The trace facility supports up to eight active trace sessions at a time. Each trace session uses a channel of the multiplexed trace special file, /dev/systrace. Channel 0 is used by the trace facility to record system events. The tracing of system events is started and stopped by the trace and trcstop commands. Channels 1 through 7 are referred to as generic trace channels and may be used by subsystems for other types of tracing such as data link tracing.

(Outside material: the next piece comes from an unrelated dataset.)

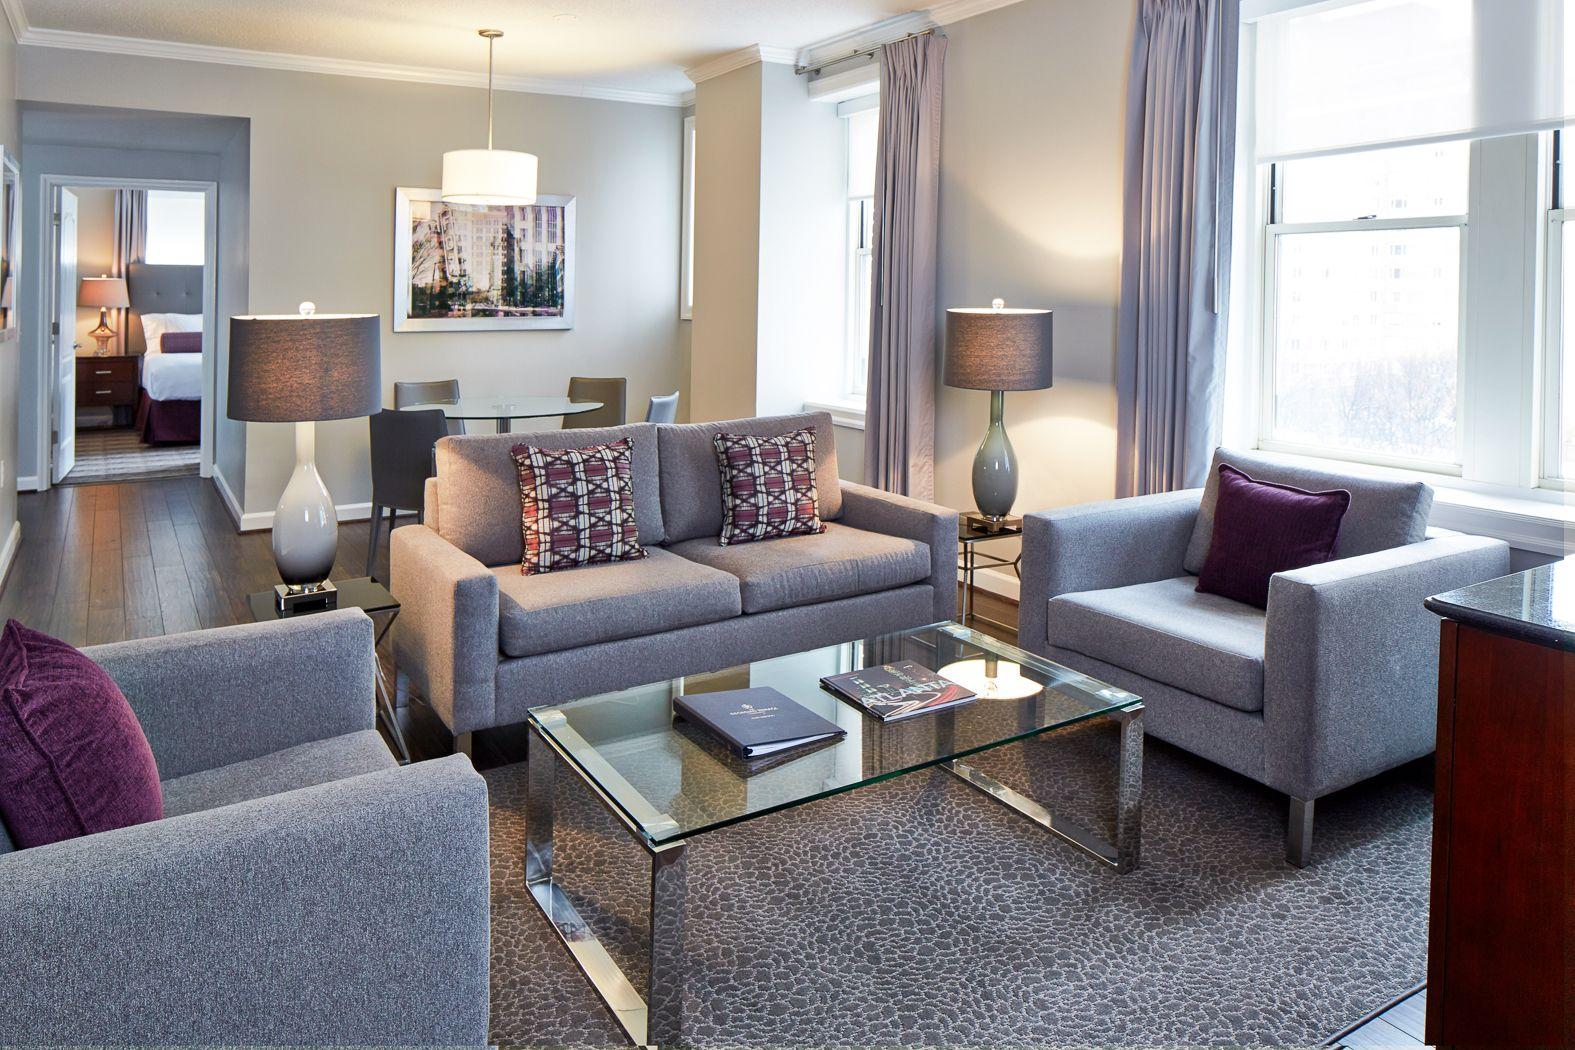 23 Colorful Bedroom Hotel Suites In Atlanta References

To implement tracing using the generic trace channels of the trace facility, a subsystem calls the trcstart subroutine to activate a trace channel and to determine the channel number. The subsystem modules can then record trace events using the TRCGEN or TRCGENT macros, or if necessary, trcgen, trcgent, trcgenk, or trcgenkt subroutine. The channel number returned by the trcstart subroutine is one of the parameters that must be passed to these subroutines. The subsystem can suspend and resume trace data collection using the trcoff and trcon subroutines and can deactivate a trace channel using the trcstop subroutine. The trace events for each channel must be written to a separate trace log file, which must be specified in the call to the trcstart subroutine. The subsystem must provide the user interface to activating and deactivating subsystem tracing.
The trace hook IDs, most of which are stored in the /usr/include/sys/trchkid.h file, and the trace formatting templates, which are stored in the /etc/trcfmt file, are shared by all the trace channels.